• WORK REQUIRED
Skip the pictures and write out, word for word, the lines below from the one with "men's privates laser hair removal treatments" through the one with "Netherhall Wedding Group", inclusive.

• SOURCE DATA
╔══
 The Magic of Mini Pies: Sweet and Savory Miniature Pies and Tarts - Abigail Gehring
╚══
╔══
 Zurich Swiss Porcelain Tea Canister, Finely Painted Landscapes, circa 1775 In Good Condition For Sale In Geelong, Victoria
╚══
╔══
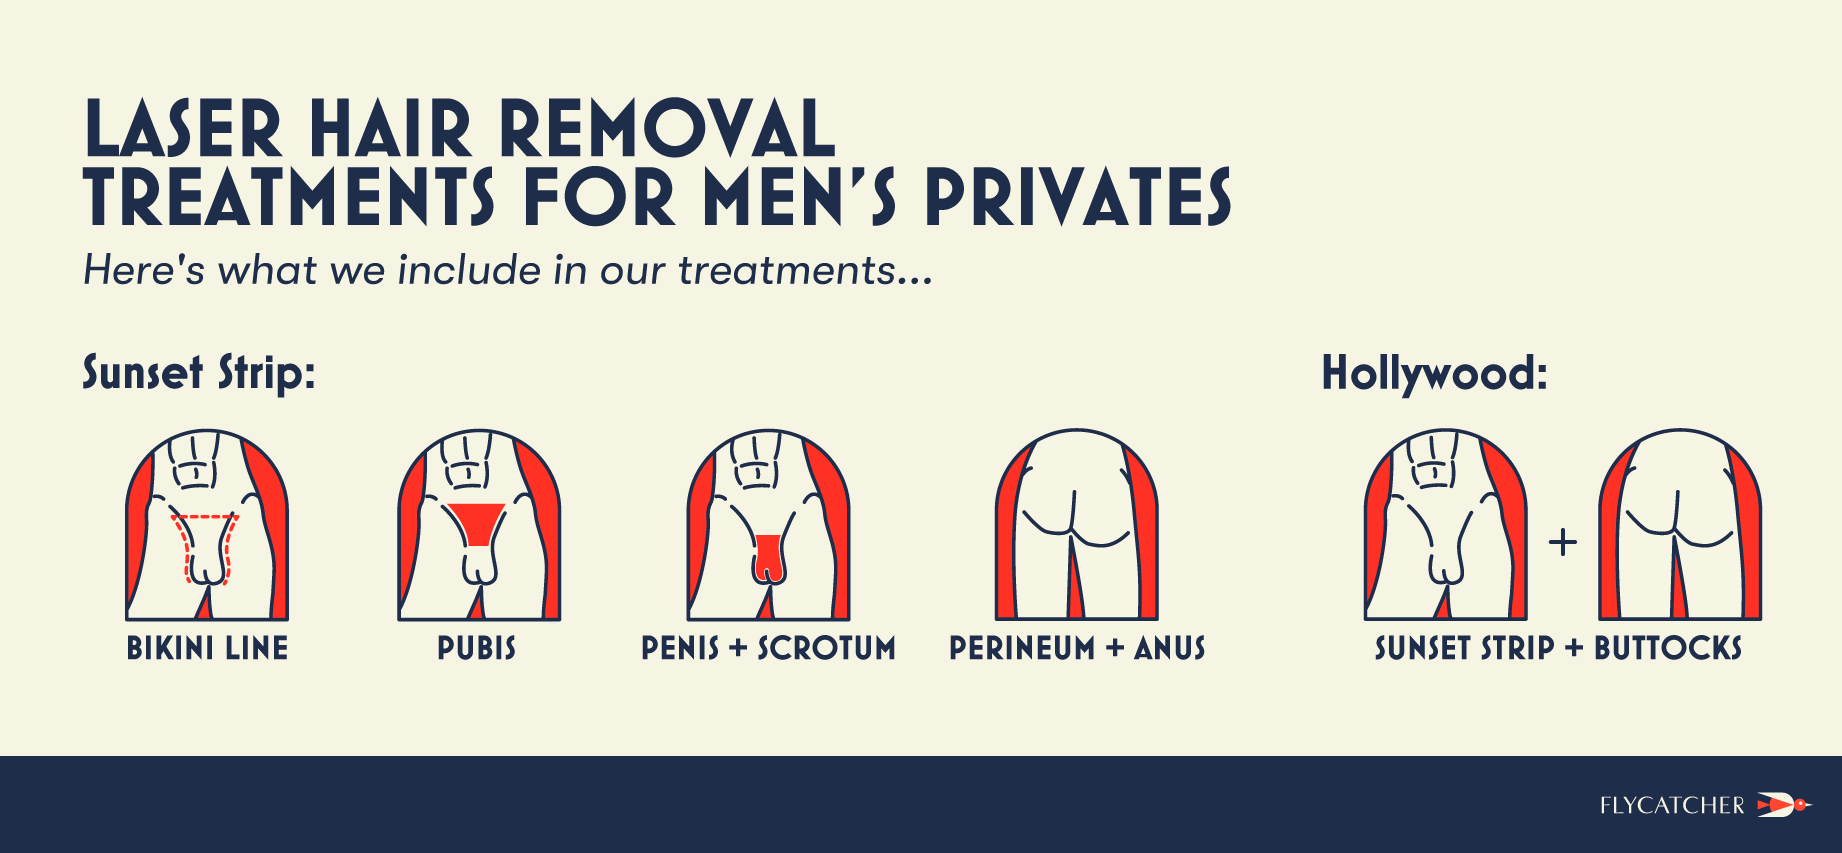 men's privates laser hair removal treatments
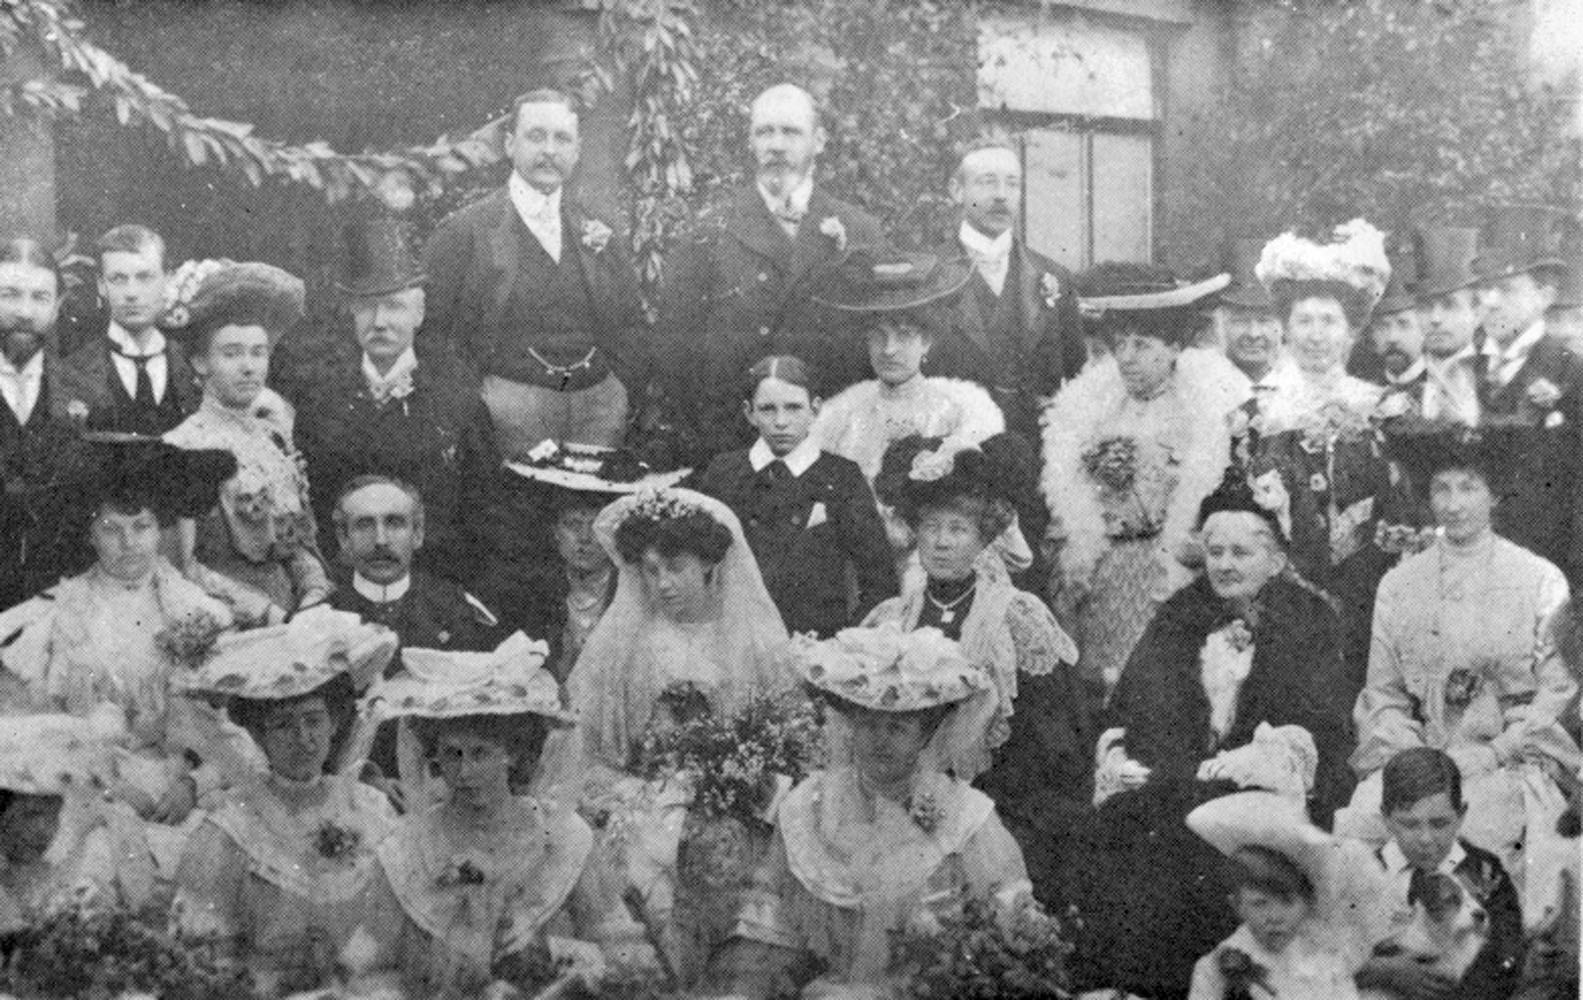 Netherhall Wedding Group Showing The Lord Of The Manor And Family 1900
╚══
• RESPONSE BELOW
 men's privates laser hair removal treatments
 Netherhall Wedding Group Showing The Lord Of The Manor And Family 1900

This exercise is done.